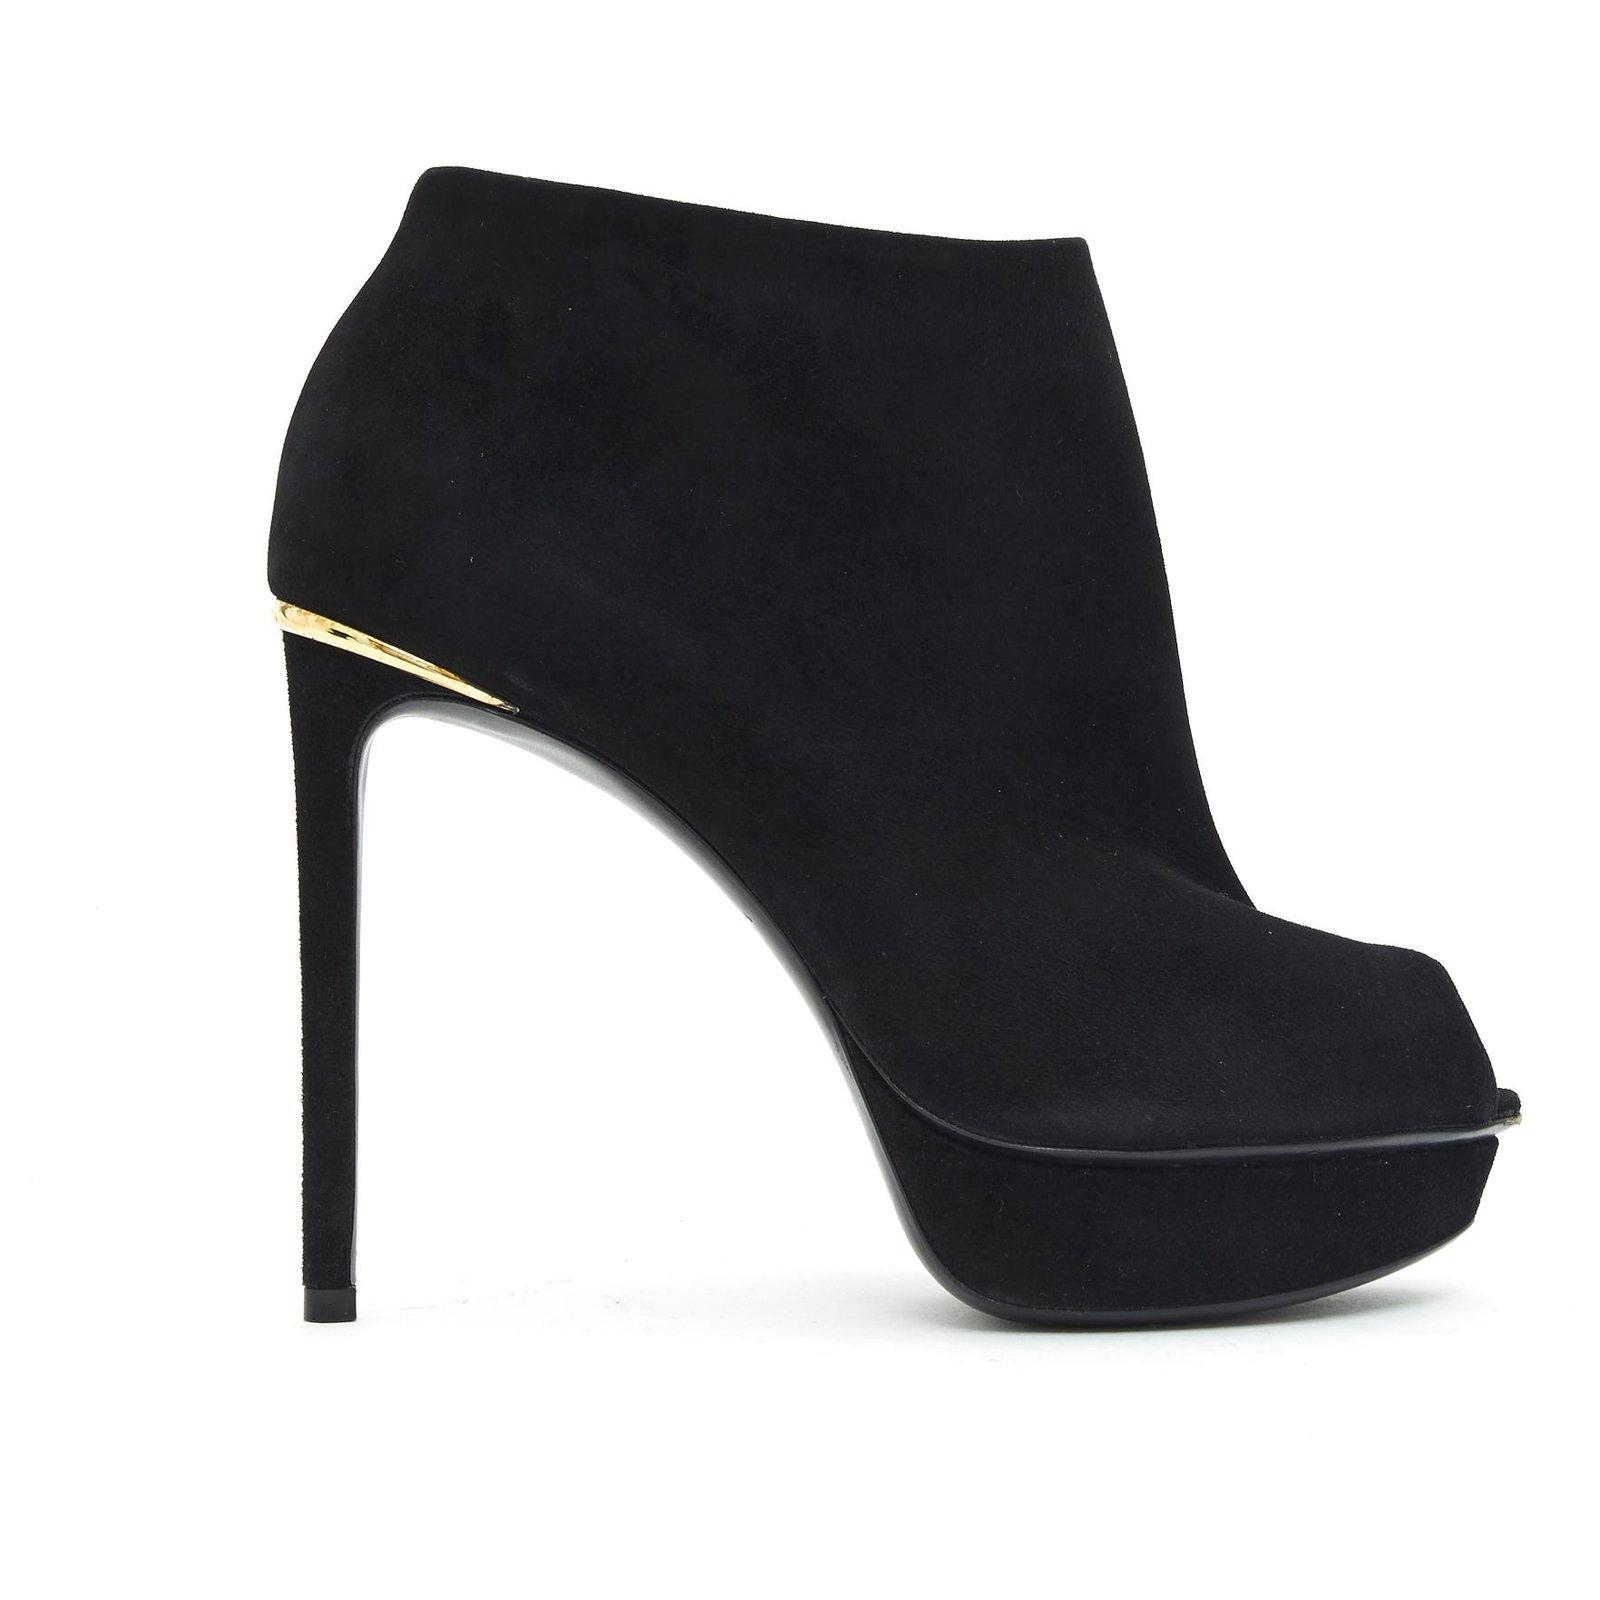 louis vuitton heels open toe
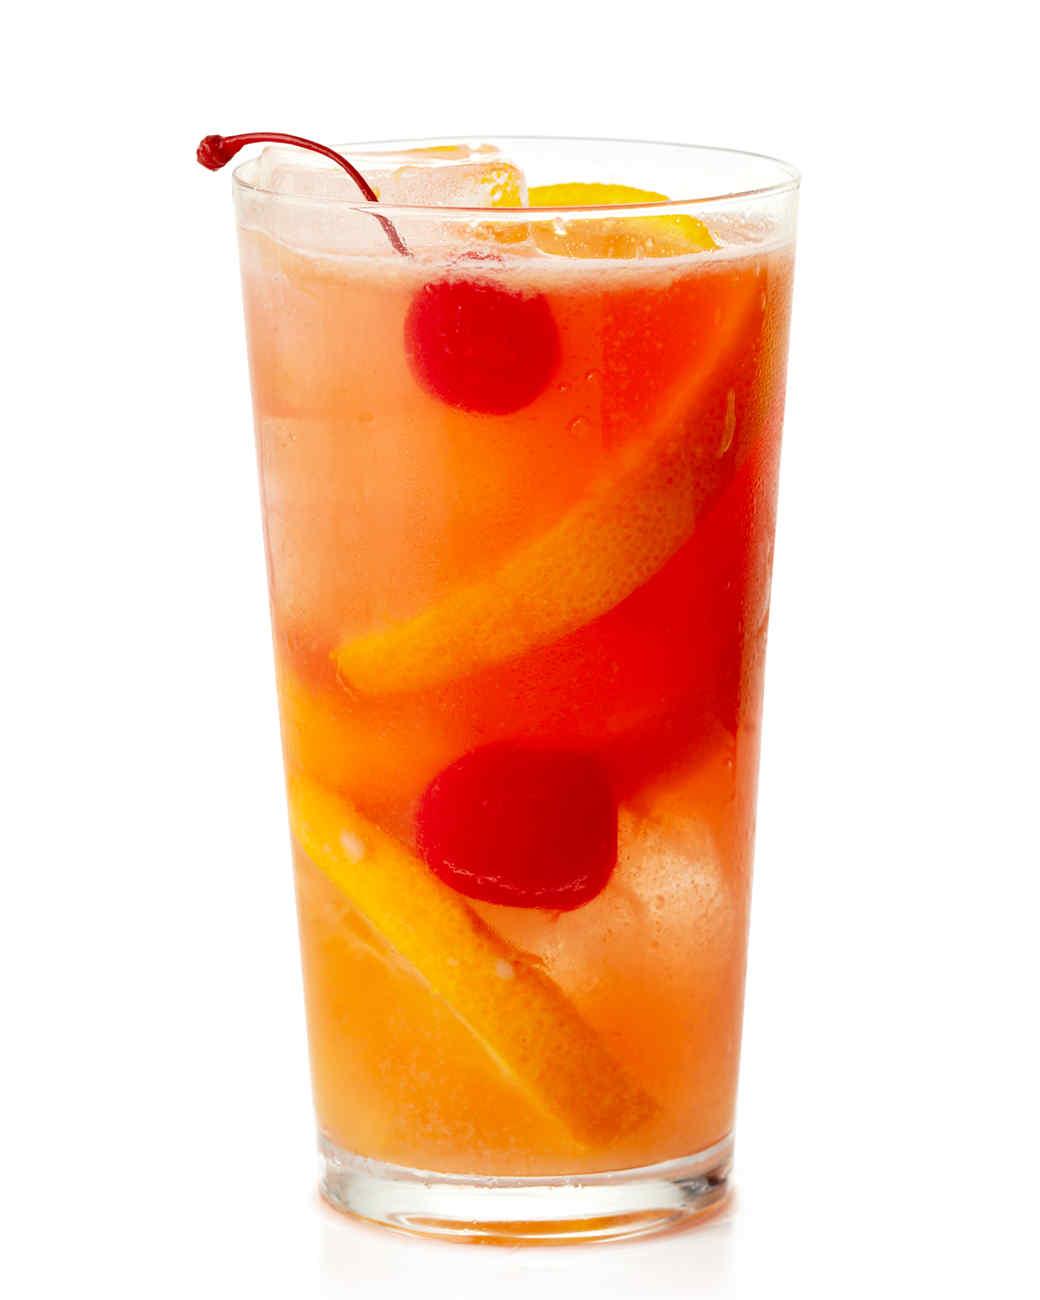 cherry-orange-drink-ed108679.jpg
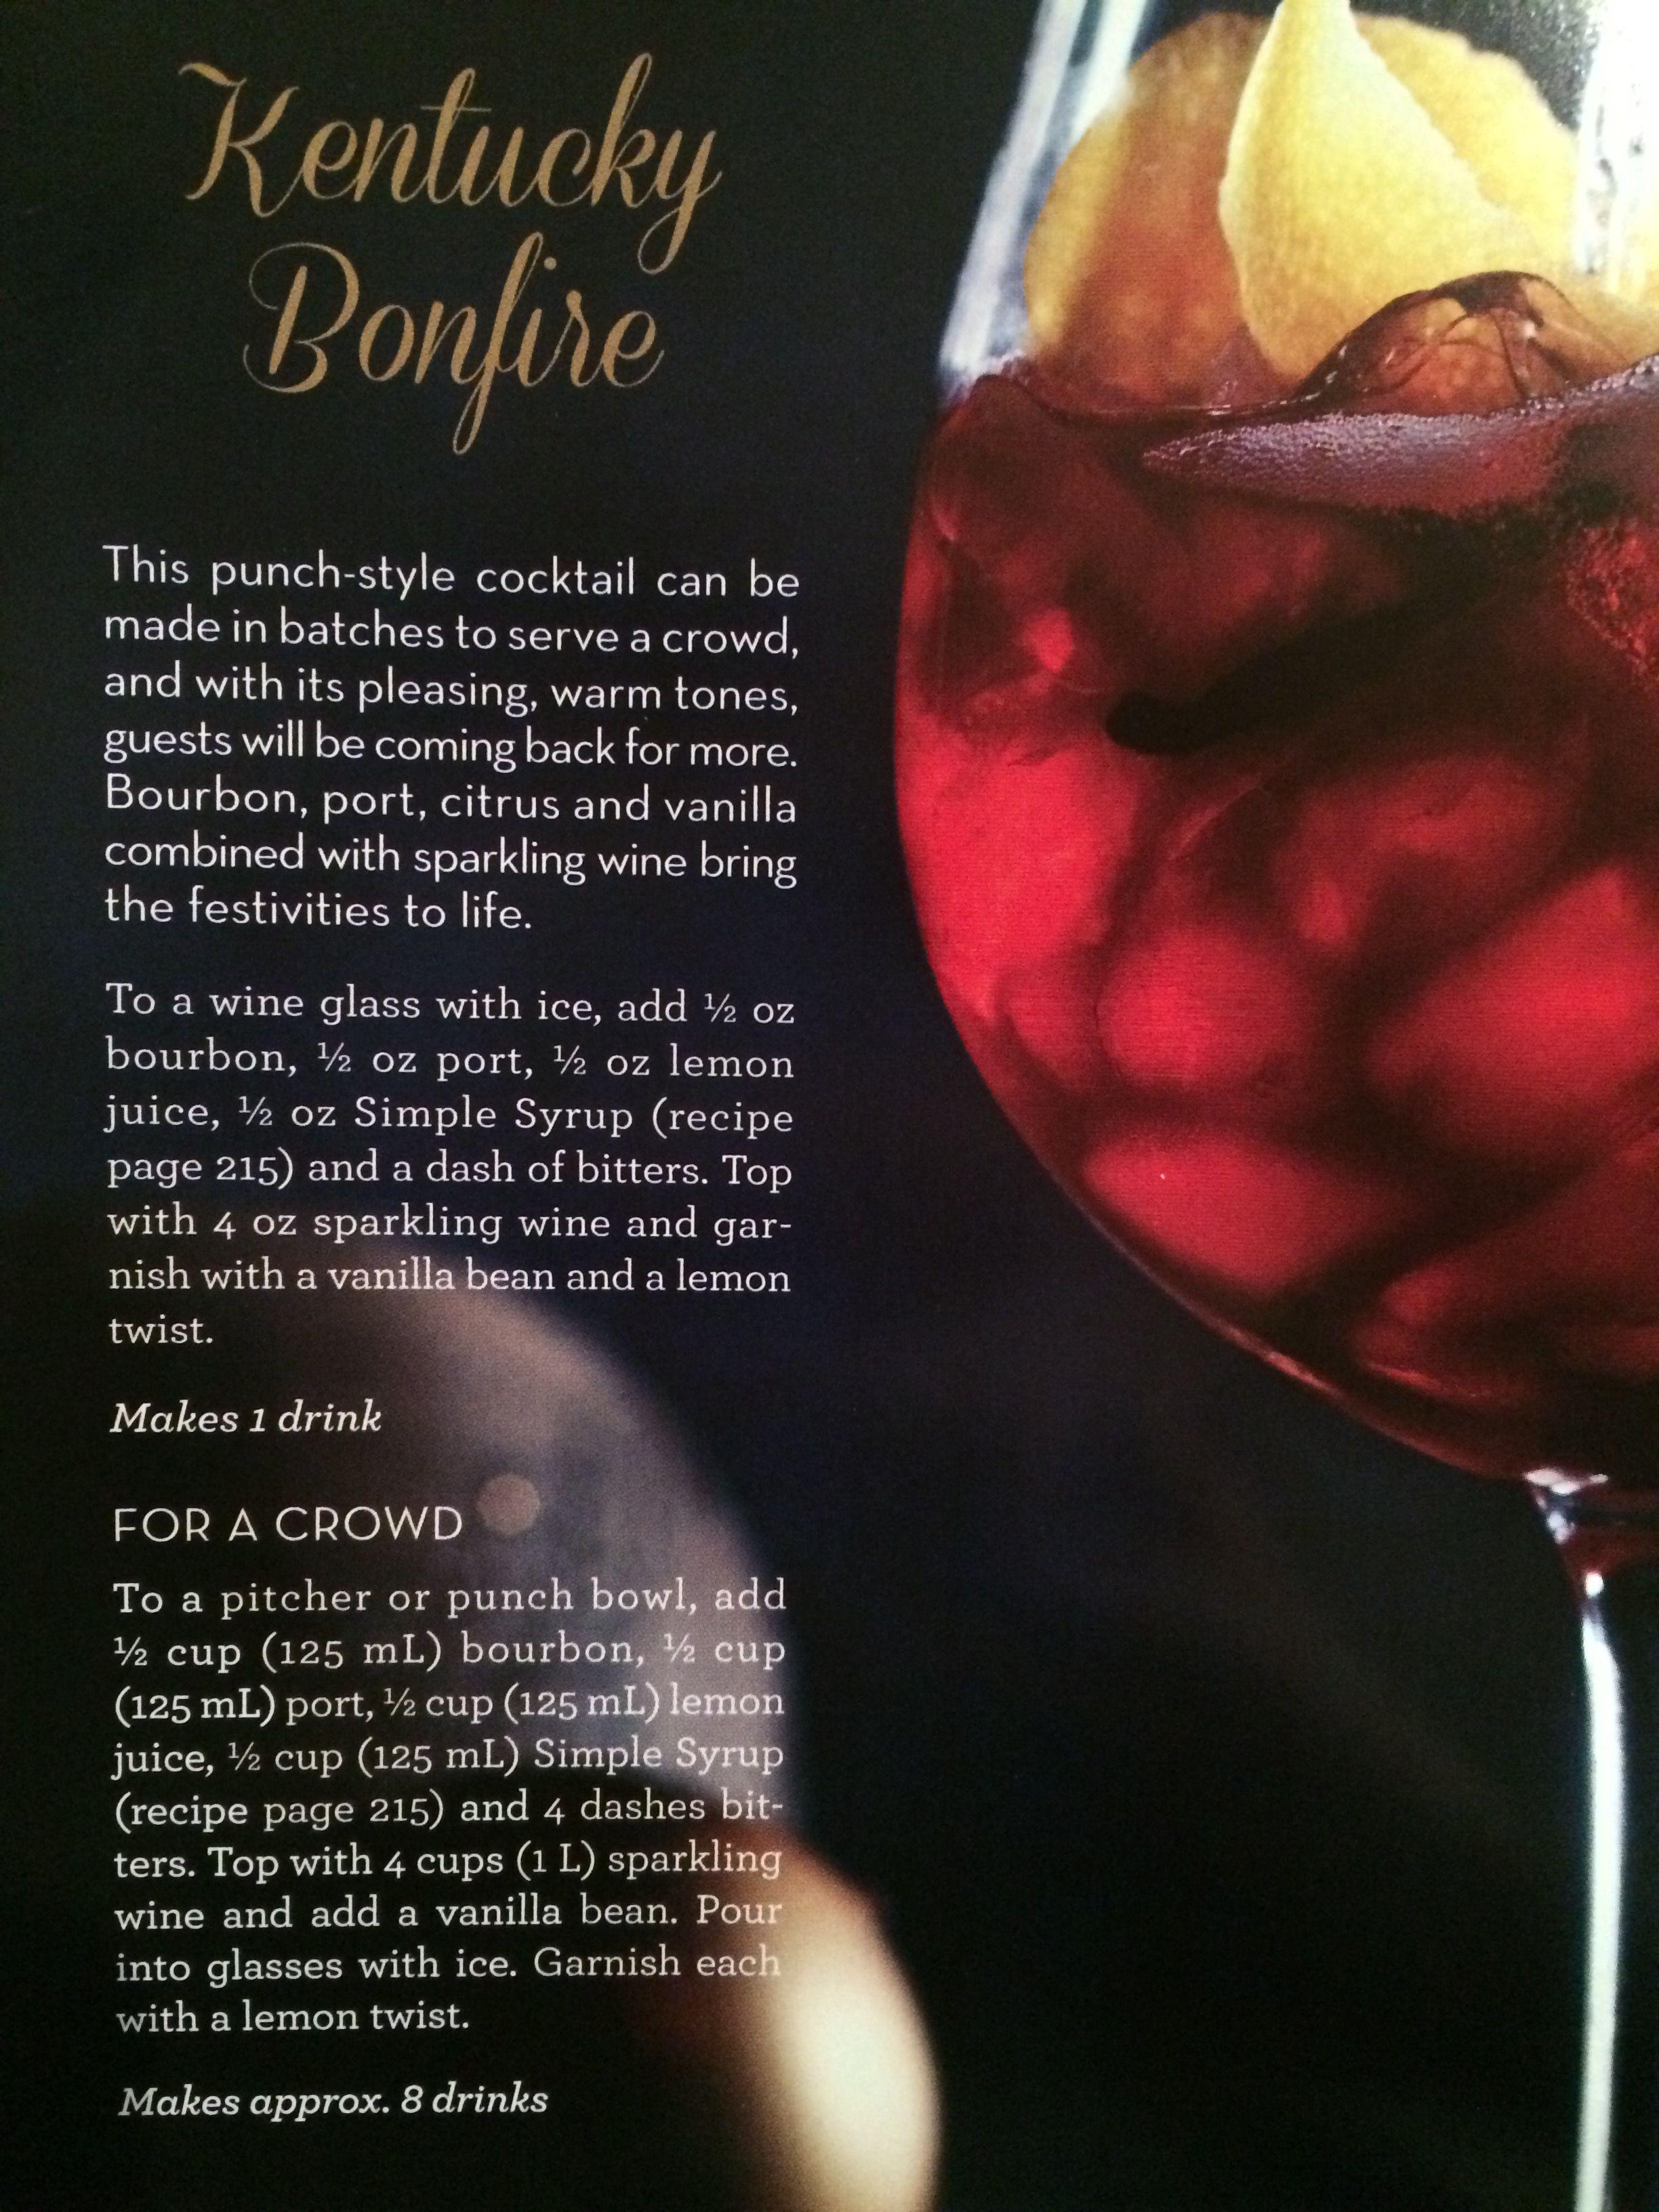 Kentucky Bonfire Sparkling Wine Citrus Wine Glass
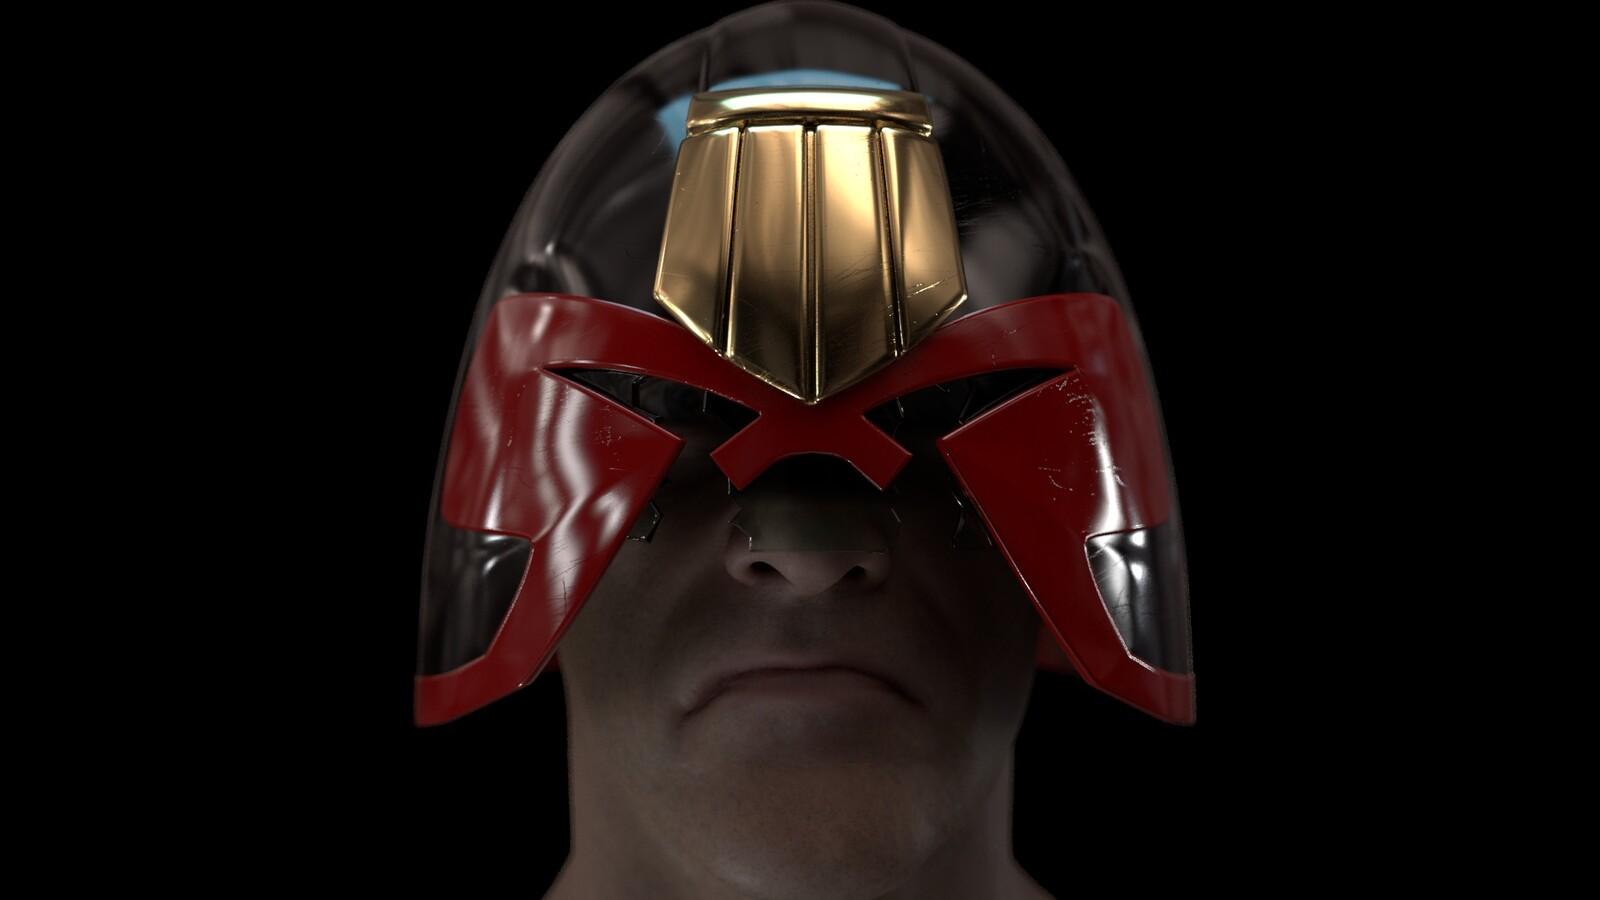 Ian Gibson Dredd Helmet

#### The task
Set down the material exactly as given, but print none of the pictures.

#### Problem solution
 louis vuitton heels open toe
 cherry-orange-drink-ed108679.jpg
 Kentucky Bonfire Sparkling Wine Citrus Wine Glass
 Ian Gibson Dredd Helmet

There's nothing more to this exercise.